LE CHAT DE KERVASKER 12

kervasker_12

Chapitre  XII

Madame de Kervasker

 

-         Mais, dit Yann-Marc’hkar, j’ai bien parlé à un homme tout à l’heure.

-         Je n’ai pas oublié mon ancienne voix, dit Madame de Kervasker dans un sourire. Vous sembliez tellement persuadé d’avoir affaire à un homme que je n’ai pas voulu vous décevoir. Tristan de Kervarker a quitté cet endroit maudit il y a quinze ans et c’est Izolda de Kervasker qui revient à sa place, amusant, non?

-         Cela veut-il dire, continua Yann-Marc’hkar intrigué, que personne ne vous a vue depuis votre retour, car il n’est question par ici que du retour de Monsieur de Kervasker.

-         En effet. Ou plutôt si, beaucoup m’ont vue au contraire, sans comprendre qui j’étais. Nul besoin de me cacher. On aura pensé que j’étais la compagne de Monsieur, ramenée de je ne sais où. Autrefois, j’avais la réputation d’être un ours cloîtré en son manoir, alors mon invisibilité n’étonne personne. Je savoure cette situation, vous savez, d’être enfin en accord avec moi-même bien sûr, profondément, mais socialement aussi, de pouvoir sortir dans la région, prendre un verre, faire mes courses sans lire dans le regard cette défiance qu’on oppose aux Kervaskers depuis des générations, comme si notre sang véhiculait une tare indélébile depuis ce lointain et monstrueux ancêtre.

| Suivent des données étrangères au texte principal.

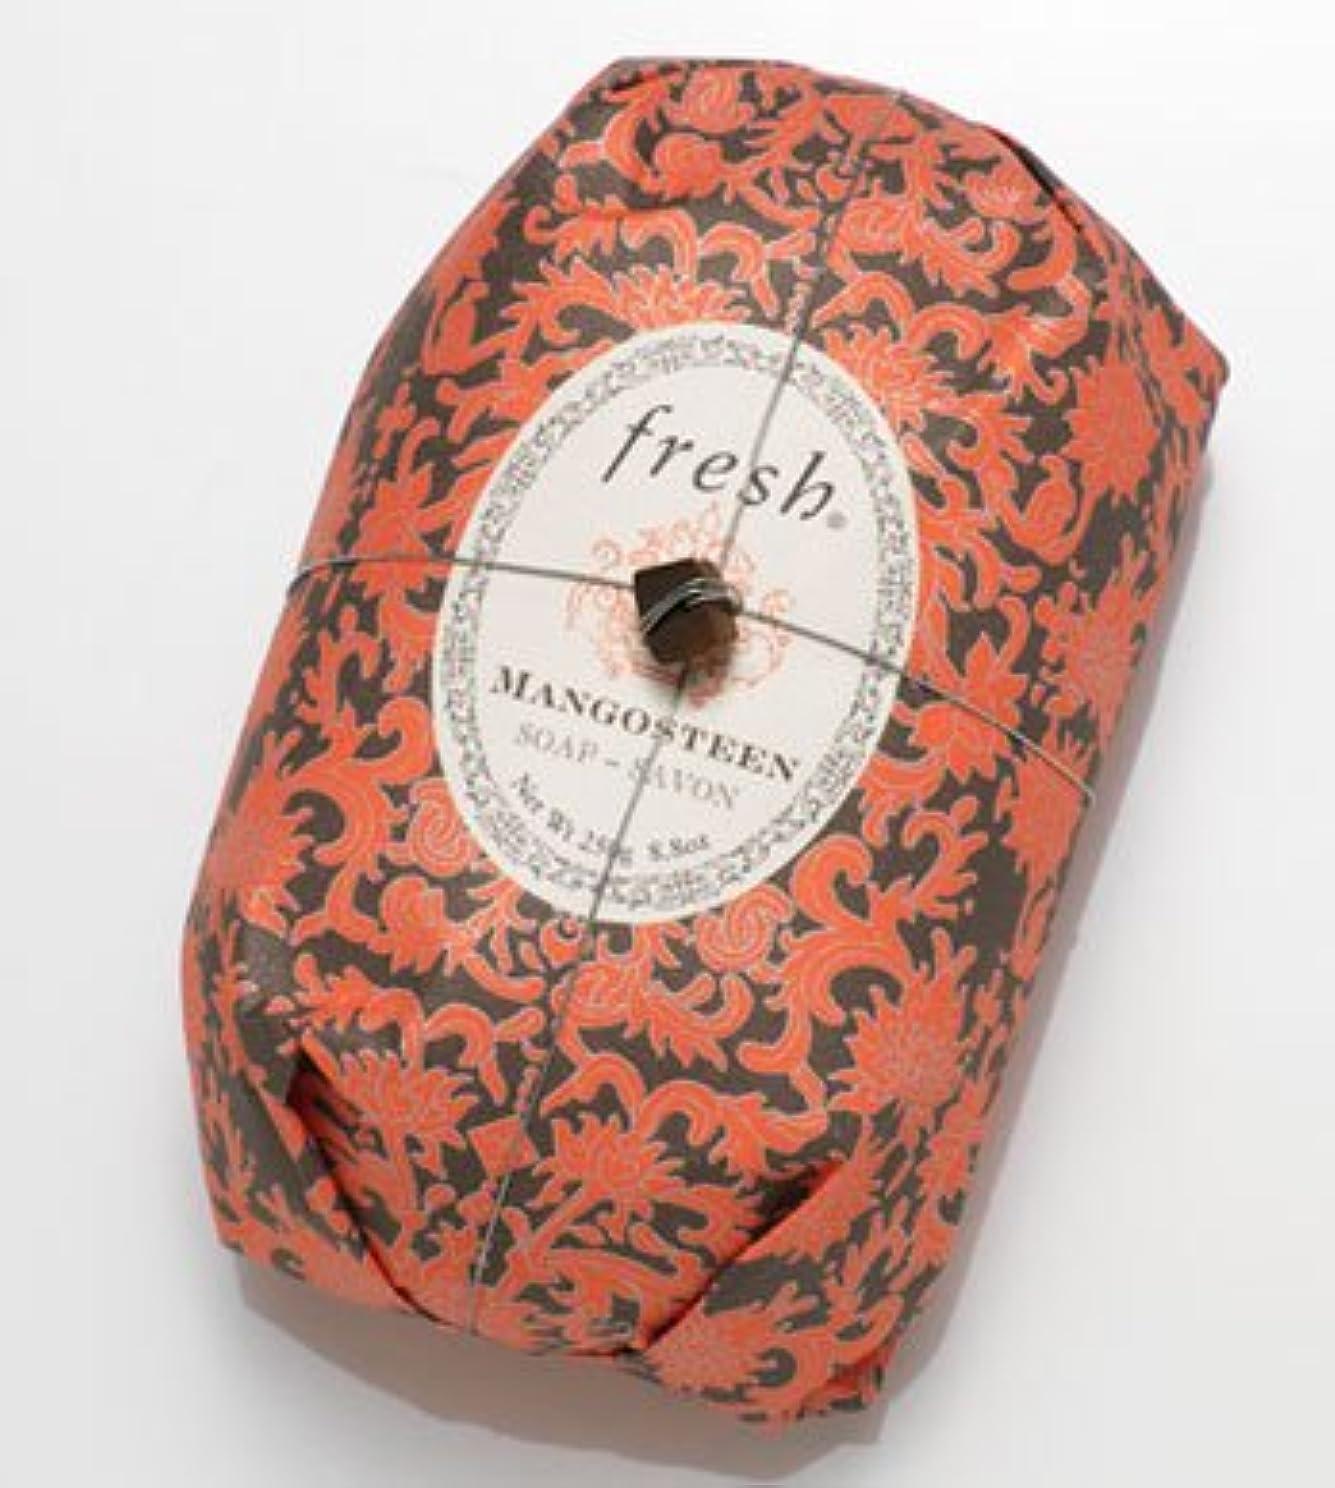 稚魚憲法に負けるFresh MANGOSTEEN SOAP (フレッシュ マンゴスチーン ソープ) 8.8 oz (250g) Soap (石鹸) by Fresh

L’atmosphère s’était rapidement détendue. Tous s’étaient attendus à être confrontés à une sorte de Barbe Bleue prêt à lâcher un félin affamé pour décimer la population de la région et au lieu de ça, ils étaient chaleureusement accueillis par une femme élégante qui leur livrait d’emblée ses états d’âme.  Le comte Pornus, un verre de vin cuit à la main, fixait les flammes dans l’âtre tandis que ses neurones, décongestionnés par la configuration nouvelle du casting de cette histoire, étendaient leurs dendrites les uns vers les autres et rétablissaient des connections utiles. Un fait le frappa. Comment était-il possible que ces détectives à la noix, qui prétendaient avoir déjà mené de sérieuses investigations, qui avaient même enquêté sur son propre passé au point de dégoter une vieille cassette de « Tournante Flamingante », puissent ignorer encore que Kervasker était une femme ? Par contre, il pressentait que lui-même négligeait un détail de sa rencontre avec la bête dans les marais, mais il ne parvenait pas à mettre la main dessus.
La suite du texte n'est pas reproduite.